Being a minister in the PCA, I like to see what other Pastors are doing and enjoy, etc. I have noticed that many ministers who graduated from Covenant Theological Seminary love reading books about or books by Lesslie Newbigin. I assume from this the CTS has their students read Newbigin. Same reason why I love the Puritans, I guess.

Anyway, who is Newbigin, why is he significant, should I have any concern over his theology of mission(s)? Any help here to understand my fellow PCA brethren? What's so special about this man?


----------



## Jerusalem Blade (Jan 17, 2011)

Hello Andrew,

He's got some brilliant insights (as in _The Gospel in a Pluralist Society_).

I was highly suspicious of him - and alienated - when I saw him deny the view that in Ephesians 6 these were real demons; he has another view of "principalities and powers", that they're idolatrous structures of power we set up in our culture which become demonic (beauty, wealth, racial pride etc). Not that this isn't true, but to deny the _actual_ demonic world and demons is patently false.

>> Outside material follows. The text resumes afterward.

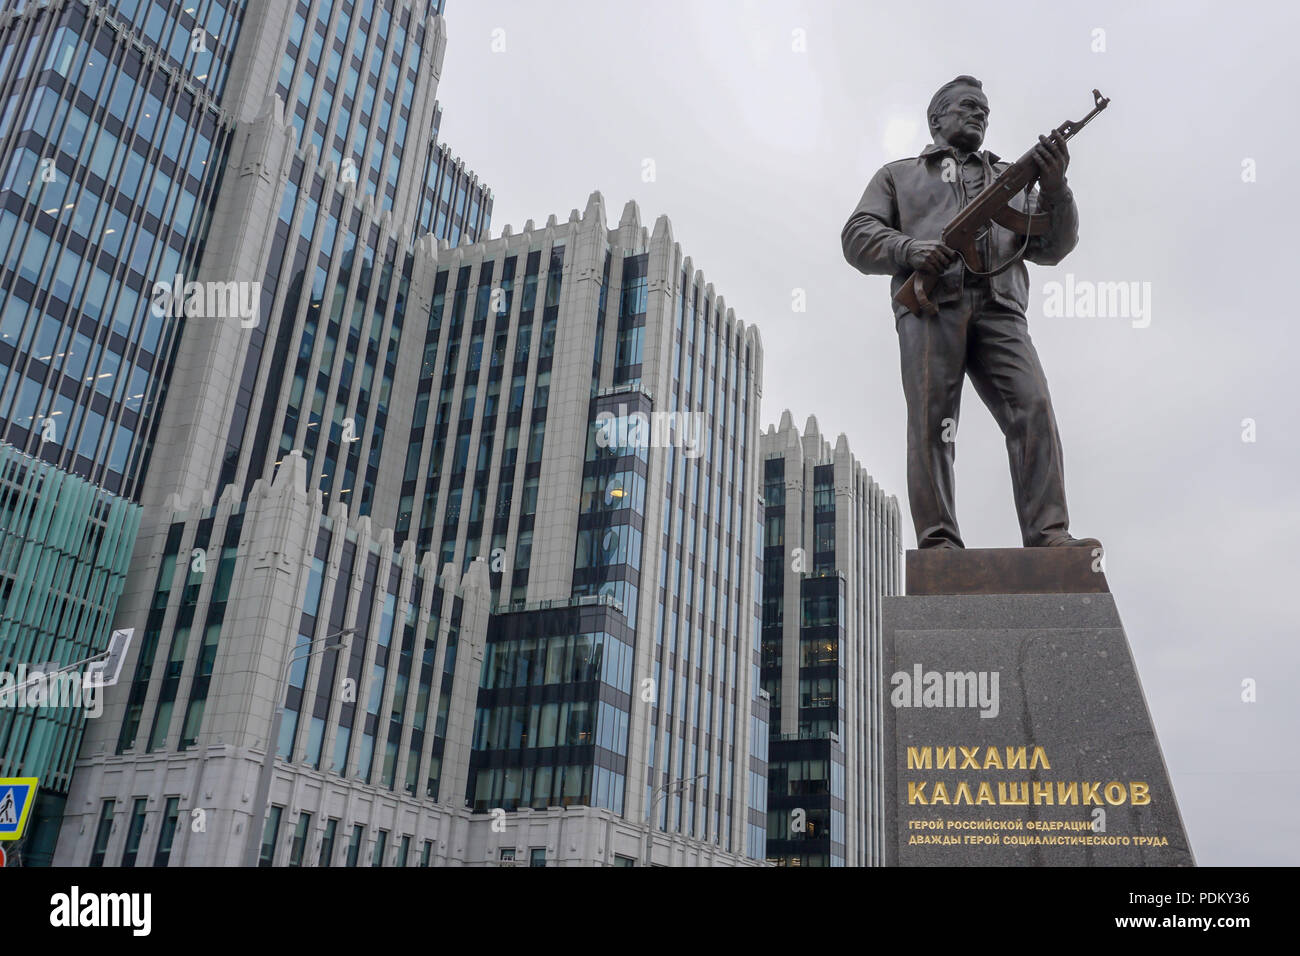 A statue of Mikhail Kalashnikov, the inventor of the AK-47 assault rifle, in central Moscow by sculptor Salavat Shcherbakov. Stock Photo
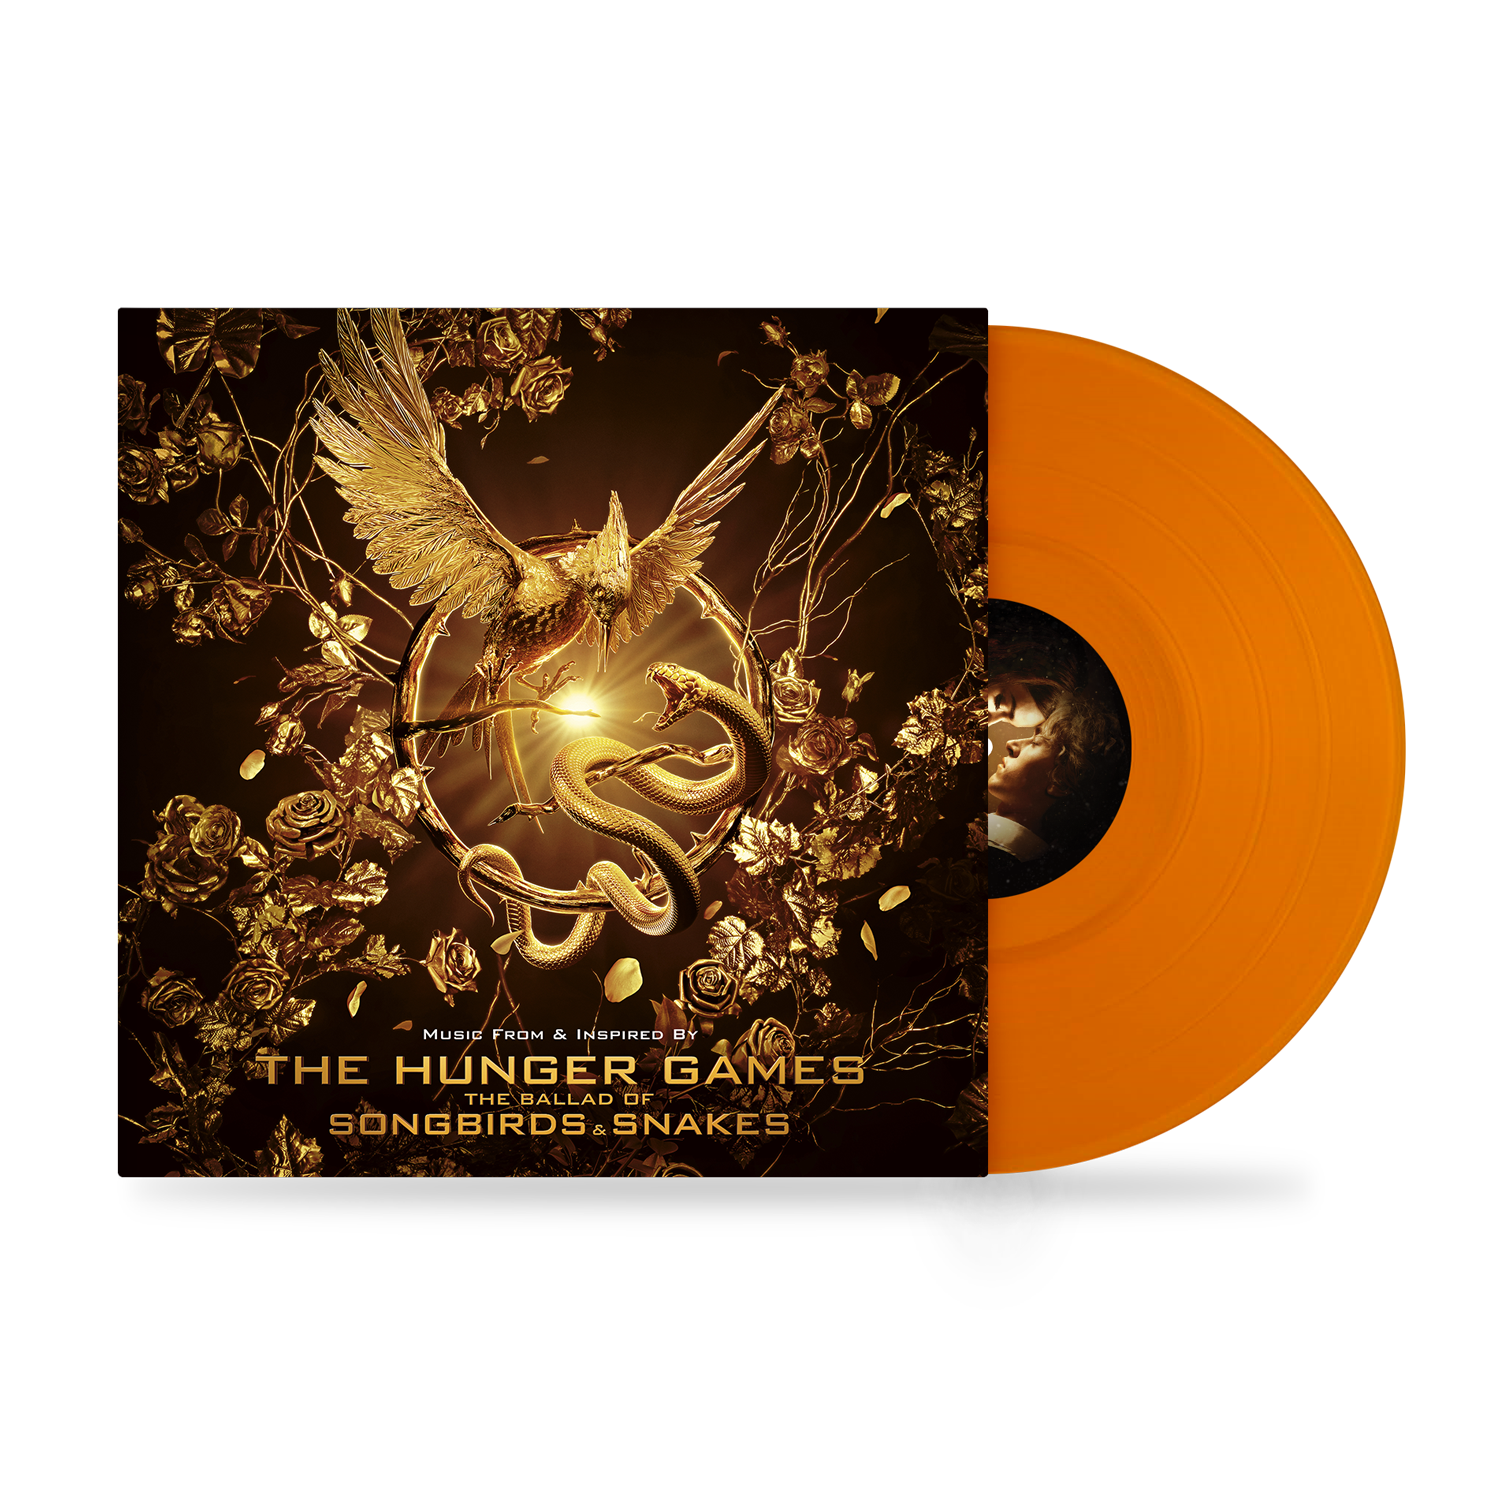 Various Artists - The Hunger Games - The Ballad of Songbirds & Snakes: Limited Orange Vinyl LP

Here's a critique of him I just found (I liked McCallum's book on postmodernism, _The Death of Truth_): Lesslie Newbigin, The Gospel in a Pluralist Society and the "Emergent Church" movement


----------



## Romans922 (Jan 17, 2011)

McCallum definitely does have some problems with Newbigin. He says, 

"Thus, Newbigin takes his place among the burgeoning caste of postmodern sympathizers writing on contemporary ministry (now increasingly known as the “Emergent Church Movement” or “postconservatives.”)1 In fact, this book is one of the handbooks read and quoted often by leaders in the movement. Although Newbigin scores effective hits on modernistic rationalism, his attack overruns the opponent until he finds himself on ground alien to the biblical world view—the ground of postmodern perspectivalism. Not only rationalism, but rationality itself is jettisoned in favor of subjective mysticism and _a priori_ blind faith."


----------



## Philip (Jan 17, 2011)

Newbigin really does have a lot of value. You just have to be careful with him. A year ago, though, my philosophy prof used his _Proper Confidence_ as one of the textbooks for epistemology (my review is here). He's got a lot of insight into how culture shapes our thinking (sorry, it does) and how Christianity can speak to that with its metanarrative of creation-fall-redemption.

The reviewer is correct that Newbigin often gets it about half-right (his views on inerrancy are . . . interesting) but it's generally the half that most of us don't see, so he can serve as a good corrective on some of our enlightenment ways of thinking. You may also notice that the reviewer assumes a straight no-kidding evidentialist view on apologetics that even I (as a classical apologist) find hard to swallow.


----------



## Pergamum (Jan 18, 2011)

I have been told that I should read and like Mewbigin because I am a missionary, but try as I might, this author just does not interest me much. I have several unfinished volumes on my shelf. Andrew Walls, on the other hand, is thought-provoking.


----------